北西太平洋とオホーツク海を回遊するミンククジラ(オホーツク海・西太平洋系統群)の資源量は、国際捕鯨委員会(IWC)によって、25,000頭と推定されています。 この資源に悪影響を及ぼすことなく捕獲枠を算出させる改訂管理方式(RMP)の適用に際して必要な系群構造に関する情報を得ることを主目的に、1994年から1999年までミンククジラ捕獲調査(JARPN)を実施しました。 このJARPN調査によって、日本列島を挟んだ太平洋側と日本海側のミンククジラは各々独立した繁殖活動を行っている集団(系統群)であることを証明したほか、太平洋側の同じ集団(オホーツク海・西太平洋系統群)に属していても、日本の沿岸と沖合並びにオホーツク海とで年齢や性によって棲み別けをする傾向が強いことを明らかにしました。 更にこの集団が最近ではサンマやカタクチイワシ、スケトウダラ等を主として捕食しており、しかも量的にも場所的にも漁業と競合している可能性が高いこと等が明らかになったことから、水産資源の包括的管理のためには、鯨類を含めた資源調査の必要性が強く認識されるようになりました。 こうした経緯を踏まえて、JARPNを第二段階へと発展させる調査(JARPNII)が2000年から開始されました。
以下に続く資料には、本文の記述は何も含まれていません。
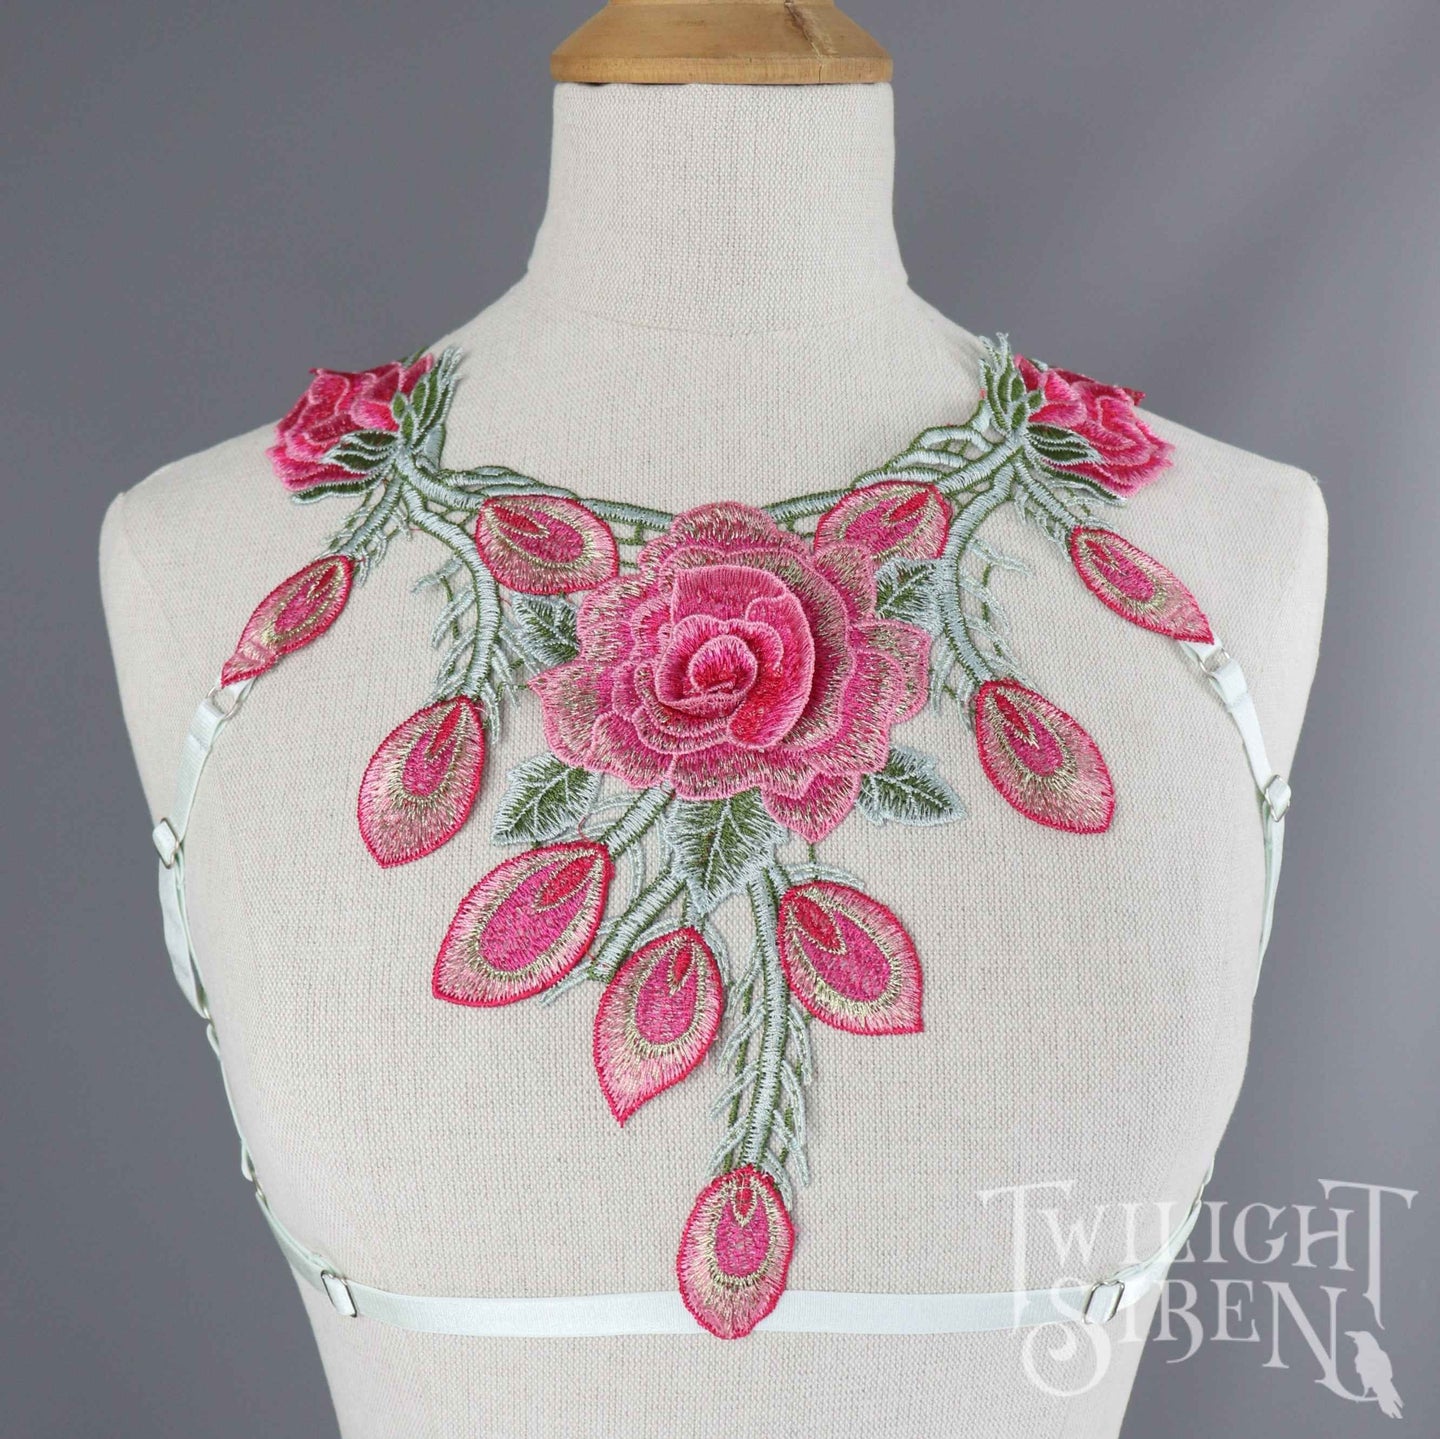 PINK FLORAL LACE BODY HARNESS BRALET

JARPNIIで最も優先される課題は、鯨類の餌として消費される生物種の量や嗜好性を調べて鯨類の摂餌生態を解明するとともに、それらの相互関係を基にした生態系モデルの構築を進めて、鯨類を含む日本周辺海洋生物資源の複数種一括管理に貢献することにあります。 そのために捕獲調査対象鯨種を従来のミンククジラ(体長8m、資源量25,000頭)に加えて、生物量が大きく、捕食量の海洋生態系に及ぼす影響がミンククジラを凌ぐと推定されているニタリクジラ(体長13m、資源量23,000頭)やマッコウクジラ(体長雄15m・雌11m、資源量102,000頭)、更にミンククジラの資源量を超えるまでに資源が回復してきていることが最近明らかになったイワシクジラ(体長14m、資源量28,000頭)に調査の対象種を拡げるとともに、計量魚探や中層トロールによる餌生物調査も鯨の捕獲調査と並行して行っております。
JARPNIIではこうした摂餌生態の解明の他に、汚染物質が海洋生態系に及ぼしている影響の解明や、それぞれの鯨種の資源構造の解明にも引き続き取り組んでいくことにしております。
今回出港する日新丸船団による調査の他に、JARPNII計画の下では小型捕鯨船よる沿岸域の調査も行われております。 昨年秋に実施された釧路沖での調査に続き、本年は4月10日から5月2日までに宮城県牡鹿町を基地にした調査が行われ、計画のミンククジラ50頭が採集され、調査が終了しました。
これらの科学目的のための捕獲調査は、国際捕鯨取締条約第8条によって締約国の権利として認められているものであります。 また、漁業資源の適切な管理を実現させるための鯨類調査の必要性は、国際連合食糧農業機関(FAO)の水産委員会でも強く指摘されています。
北西太平洋における鯨類の
(1) 摂餌生態の解明
(2) 蓄積汚染物質の分析による海洋環境調査並びに
(3) 系群構造の解明を実施する。
調査期間(日新丸船団)平成15年5月13日(出港) 〜 平成15年8月26日(入港予定)
調査海域北緯35度以北、日本沿岸から東経170度にかけた北西太平洋(7,8,9海区)。ただし、オホーツク海並びに外国の200海里水域を除く。
2003年北西太平洋鯨類捕獲調査における調査海域
調査員(日新丸船団)調査団長 藤瀬良弘((財)日本鯨類研究所 参事)
日本鯨類研究所より 藤瀬良弘 他15名
遠洋水産研究所より 川原重幸 他1名
その他ロシア並びに韓国より研究者各1名、及び帯広畜産大学の福井 豊教授が乗船。
調査母船 日 新 丸( 7,575トン 遠山 大介 船長 以下123名)
目視採集船 第二勇新丸( 747トン 松坂 潔 船長 以下17名)
目視採集船 勇 新 丸( 720トン 廣瀬喜代治 船長 以下19名)
目視採集船 第一京丸( 812トン 亀井 秀春 船長 以下22名)
目視専門船 第二共新丸( 372トン 三浦 敏行 船長 以下22名)
餌生物調査船 俊 鷹 丸( 887トン 小野田 勝 船長 以下29名)
ミンククジラ 100頭
ニタリクジラ 50頭
イワシクジラ 50頭
マッコウクジラ 10頭
を各々上限とする。この他、4月に行った沿岸域調査で、別途ミンククジラ50頭採集済み。